Experiments on automatic question generation from free texts based on Chinese text-mining techniques

Andrew K Lui, Chan Kin Yan, Leung Ho Hin, Lai Ho Yin and Ki Yan Lok
The Open University of Hong Kong
Hong Kong SAR, China


The key objective of intelligent tutoring systems is to provide individualized instruction based on the learning needs of students, and offering timely and context-sensitive review questions increases student retention of what they have just studied and also improves their level of engagement with the content. Supporting such a function requires a large question bank from which suitable questions can be selected based on the student and instructor models. However, using automatic question generation can reduce the cost and effort involved in creating such a question bank. A useful variant of automatic question generation considers free texts as the source and employs text-mining techniques to extract related information for producing questions. As students study textual course content with an intelligent tutoring system, automatically generated questions based on the relevant content should provide more opportunities for review and more appropriate self-assessment.
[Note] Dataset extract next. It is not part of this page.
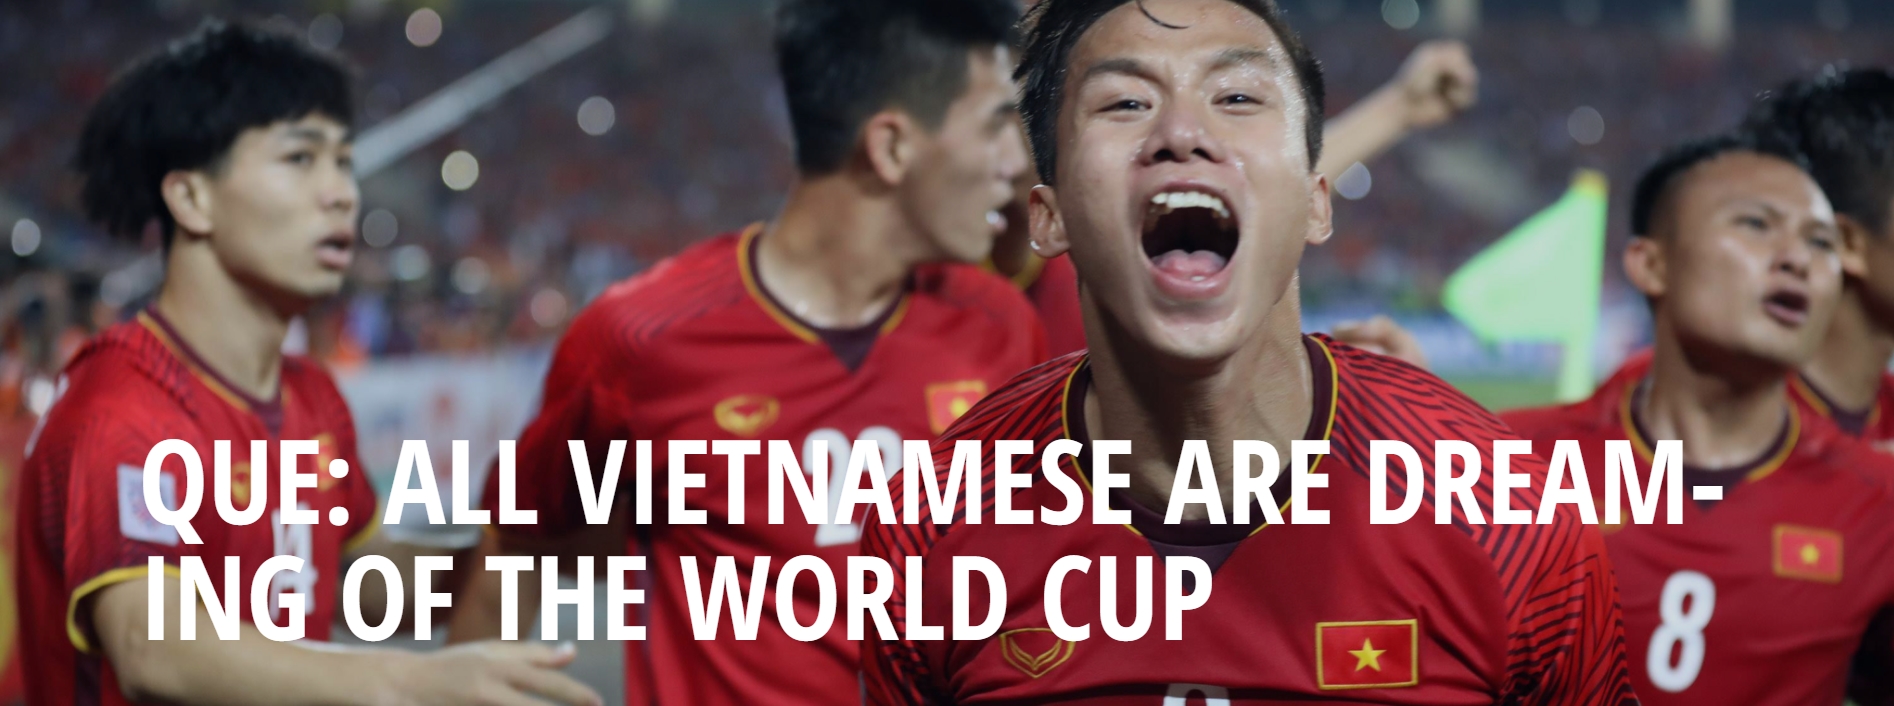 Quế Ngọc Hải: 'Tất cả CĐV và cầu thủ đều mong một ngày ĐT Việt Nam được dự World Cup' 1

The aim of this paper is to discuss techniques for automatic question generation based on text- mining on Chinese text sources. This differs from previous work on the area in that: (1) the techniques are applicable to any course with its content in electronic free-text form, unlike techniques that rely on dedicated concept maps, data tables, or rule-based engines for a particular course; and (2) the techniques work with Chinese texts, and therefore can be employed in the increasing number of Chinese-based online courses in our University. The challenge in this work lies in making sense of free-structured Chinese texts, in which keywords or even words are not readily identifiable because of the absence of word separators.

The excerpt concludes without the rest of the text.